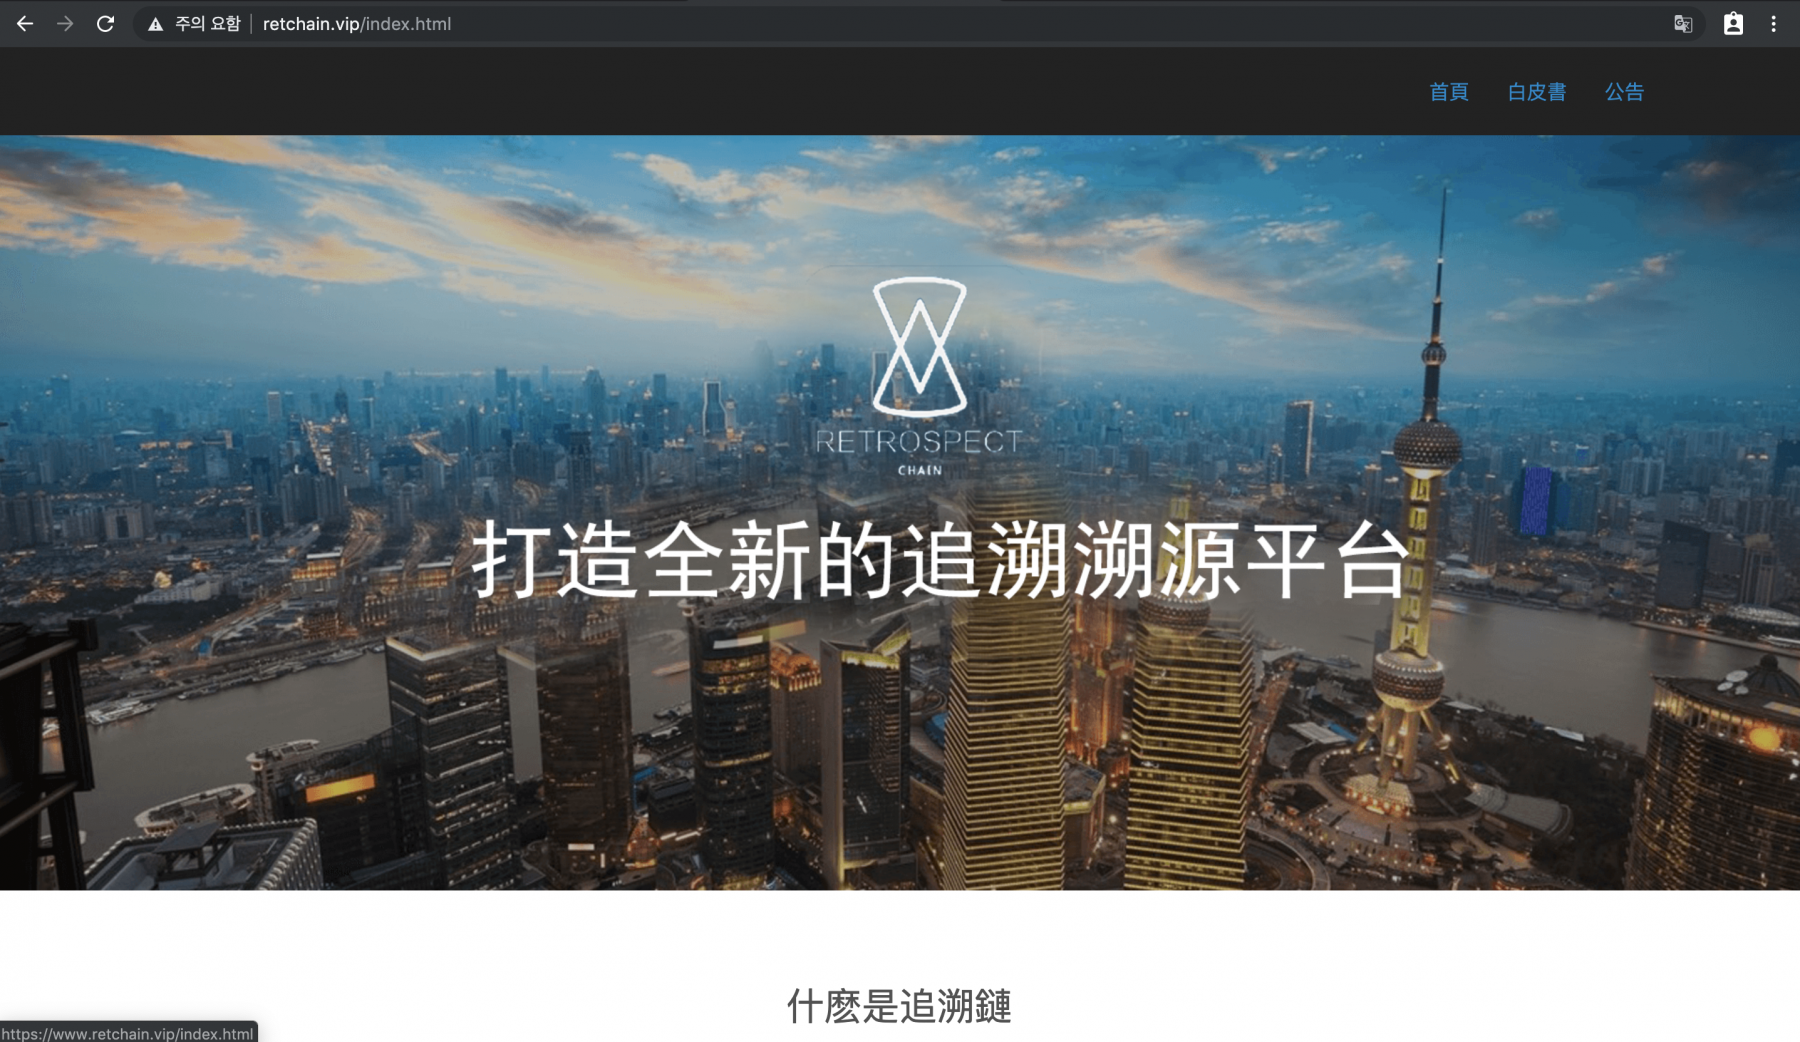 Screenshot of DET website
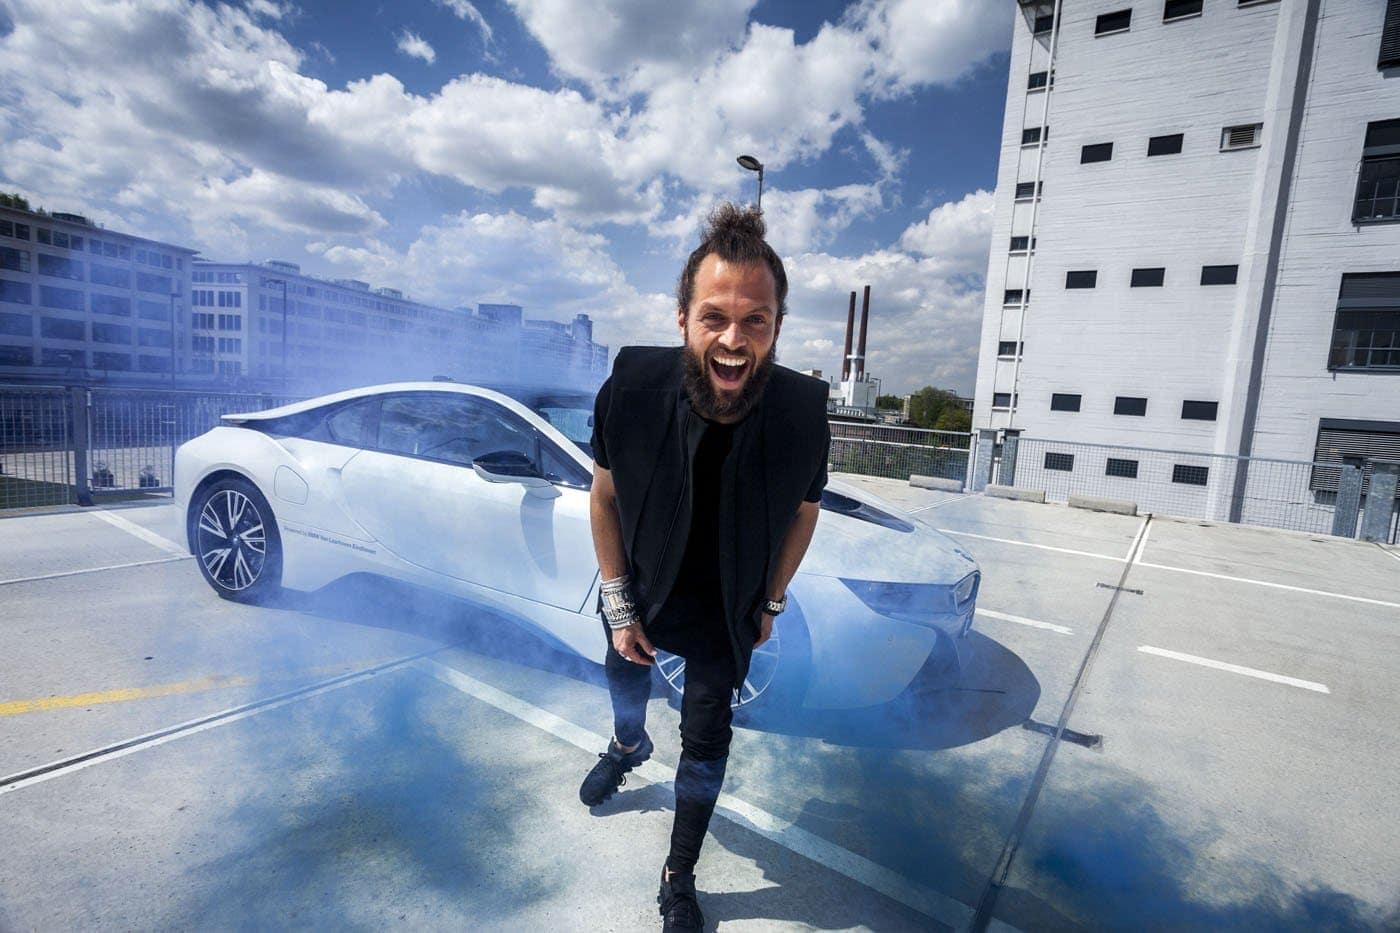 DJ La Fuente Autogespot
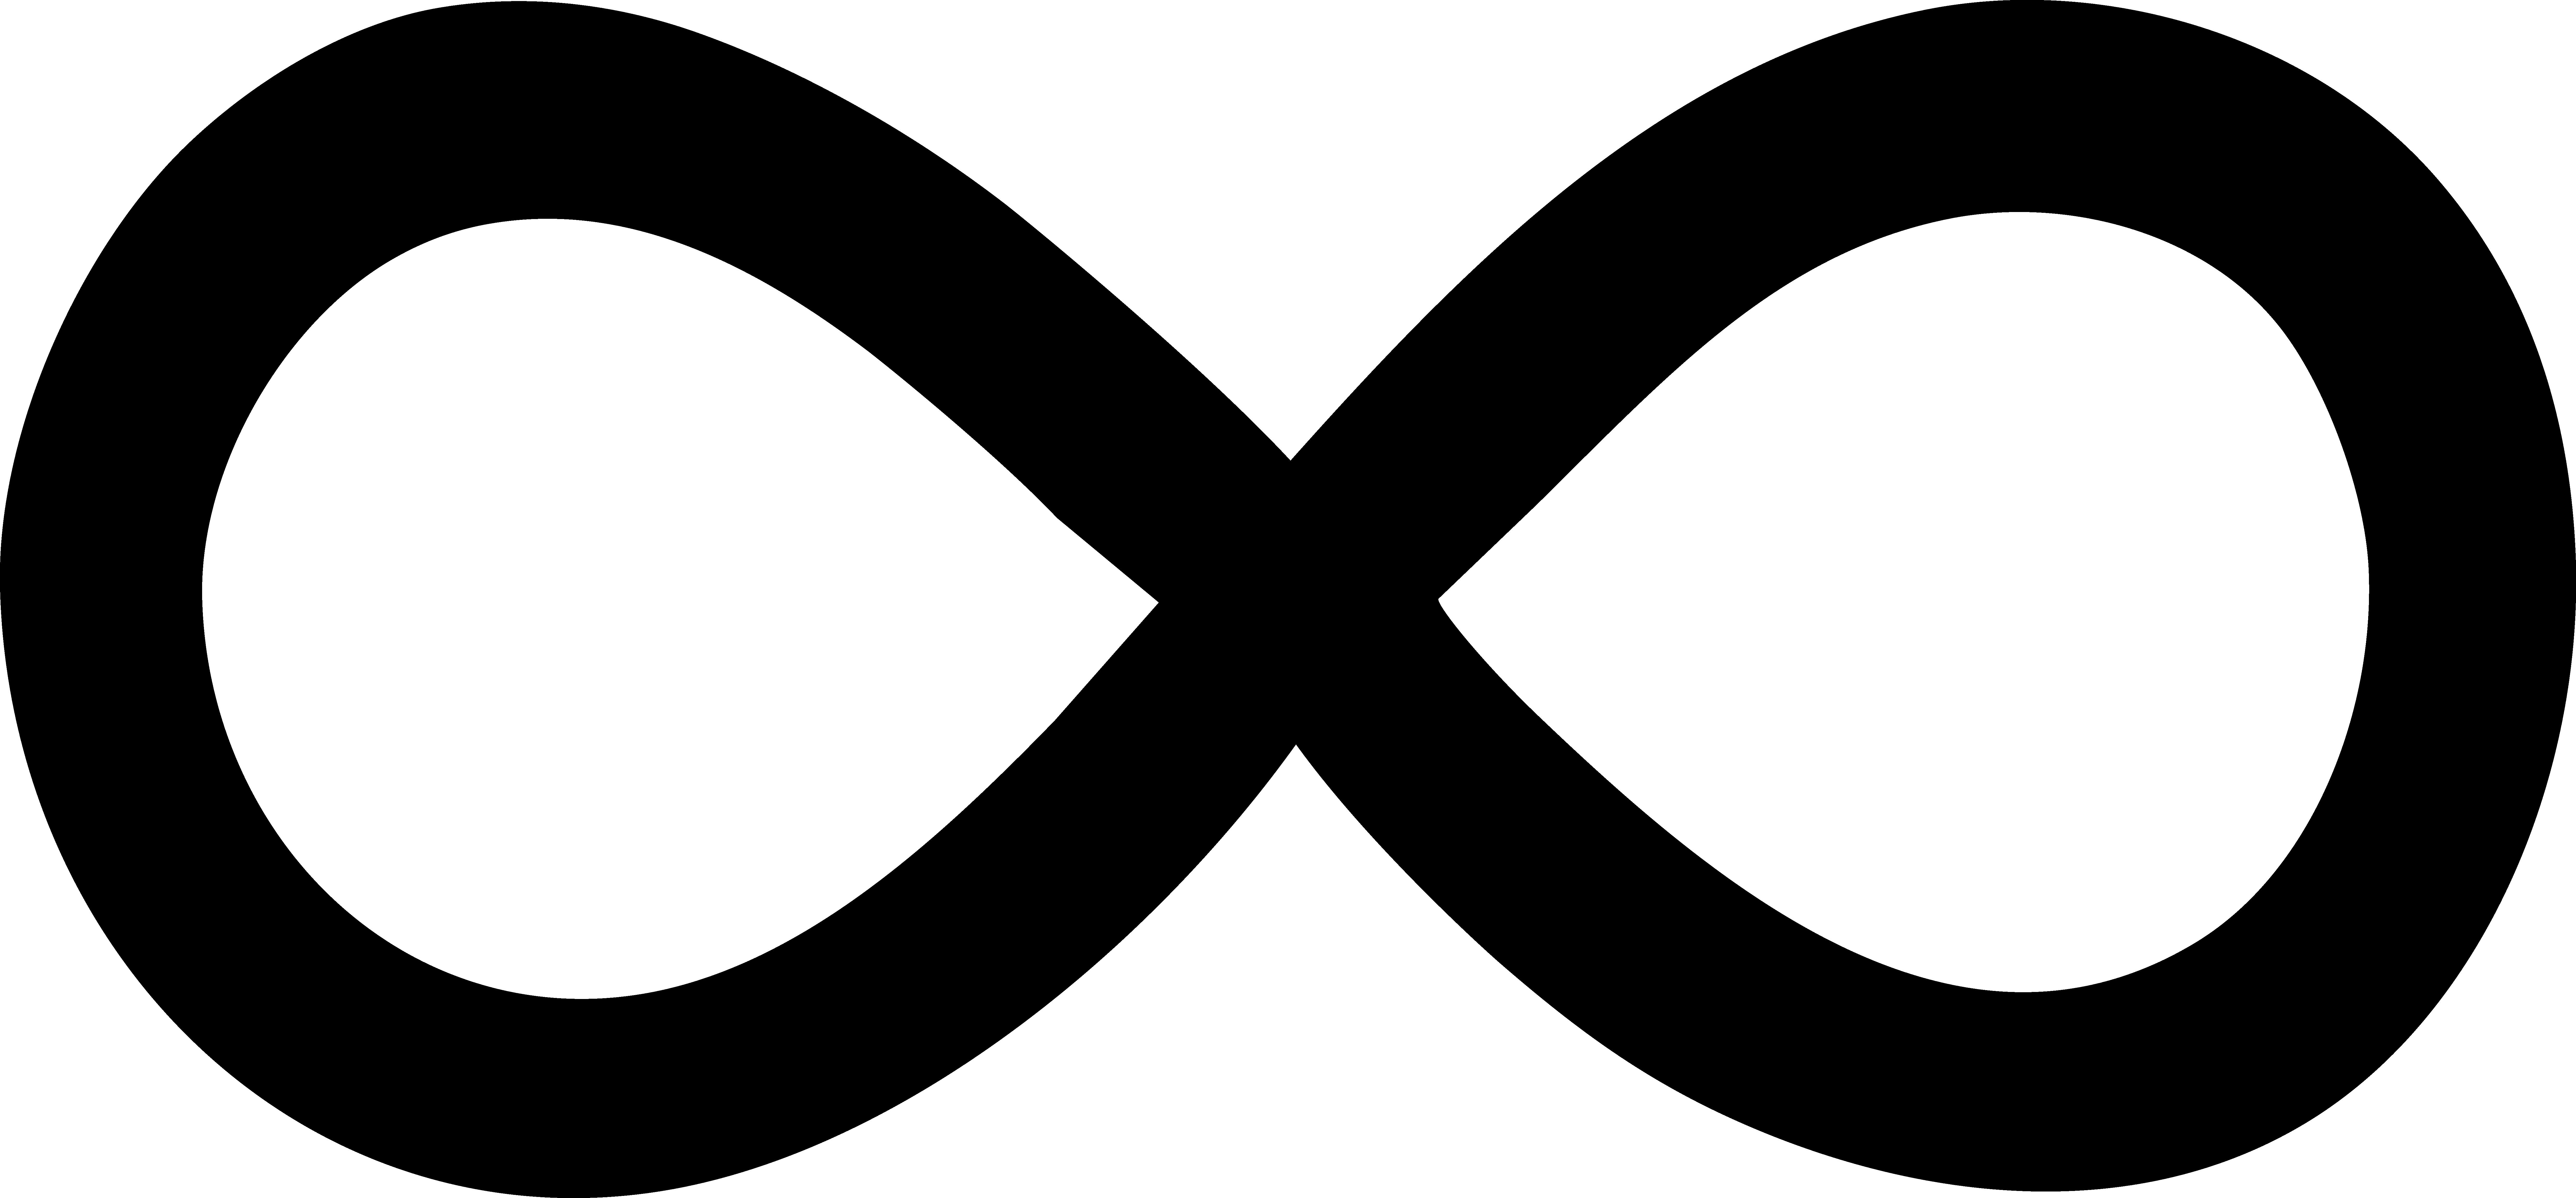 9903x4605 Simple Black Infinity Symbol

| Exercise |
Everything from the line containing "DJ La Fuente Autogespot" through the end of the data should be printed exactly, line for line, except the pictures.

| Solution to this problem |
 DJ La Fuente Autogespot
 9903x4605 Simple Black Infinity Symbol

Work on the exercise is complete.